A: There are several components needed to create lasting ethics reform in Illinois. No one policy change is going to fix the problem overnight, but it needs to start at the top with limits on how long one lawmaker can hold a leadership position like Speaker of the House, President of the Senate, or Minority Leader. Other important areas to address:
• Redistricting reform
• Prohibiting lawmakers from lobbying other levels of government
• Improved statements of economic interest to expose conflicts of interest
• Prevent lawmakers' immediate family members from acting as paid lobbyists
• Increase fines and penalties for engaging in restricted activities.

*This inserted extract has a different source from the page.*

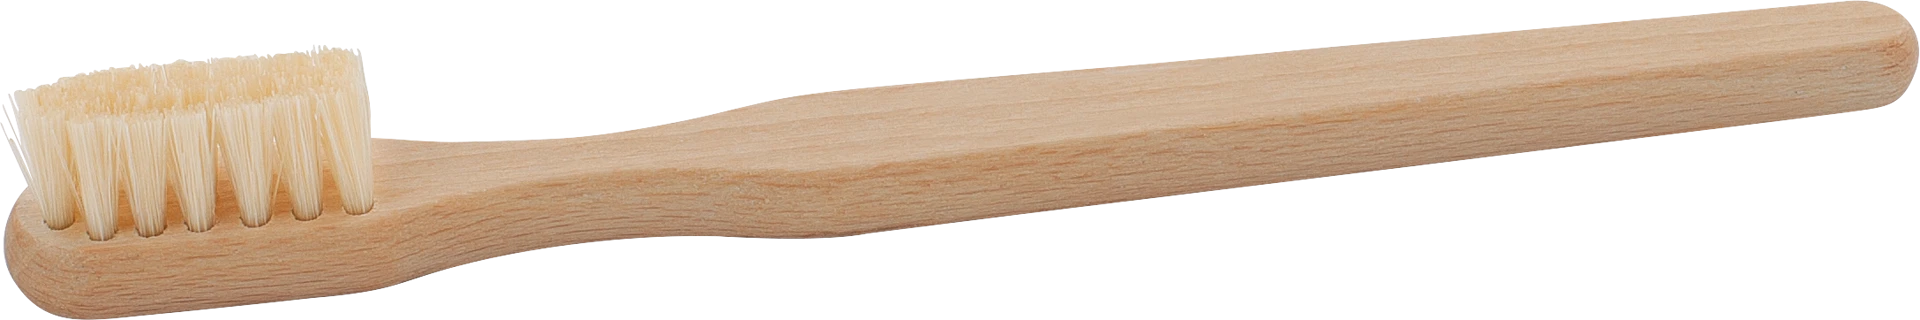 wooden toothbrush

There are more, and many of these ideas are not new. I am ready and willing to work with any member of the General Assembly to sponsor, craft and support legislation that will accomplish these goals.
Q: What should the state do to address the still-growing problems with its key pension programs?
A: First, every lawmaker should refuse the General Assembly pension. No lawmaker needs to be funded by taxpayers for the rest of their life. Second, we need to change the provision in the state Constitution preventing comprehensive reform. I will support any reform that is fair to both pensioners and taxpayers.
Q: Do you believe climate change is caused by human activity? What steps should state government be taking to address the issue?
A: It is our duty to protect this planet for future generations. Humans certainly have an impact on climate change, and the legislature can implement safeguards to ensure we have safe and clean water, land, and air. I will support legislation to keep our communities safe and support clean energy technology.
Q: Protesters have massed in the streets in Chicago and other cities across Illinois for greater social justice and changes in the funding and responsibilities for police. How significant a role does systemic racism play in limiting equal opportunity in Illinois? To the degree that it exists, what should be done about it? What, if any, changes should be made in funding and duties of police?
A: I do not support defunding the police; they are vital to protecting the welfare of our communities. Instead, we must ensure that law enforcement has the resources and training to do their jobs to protect our residents, while also making sure they understand the needs and concerns of the particular communities and people they serve. The General Assembly can also work to provide better jobs in low-income communities by providing real economic and tax relief for small businesses as well as property tax relief so that families can afford to stay in their homes.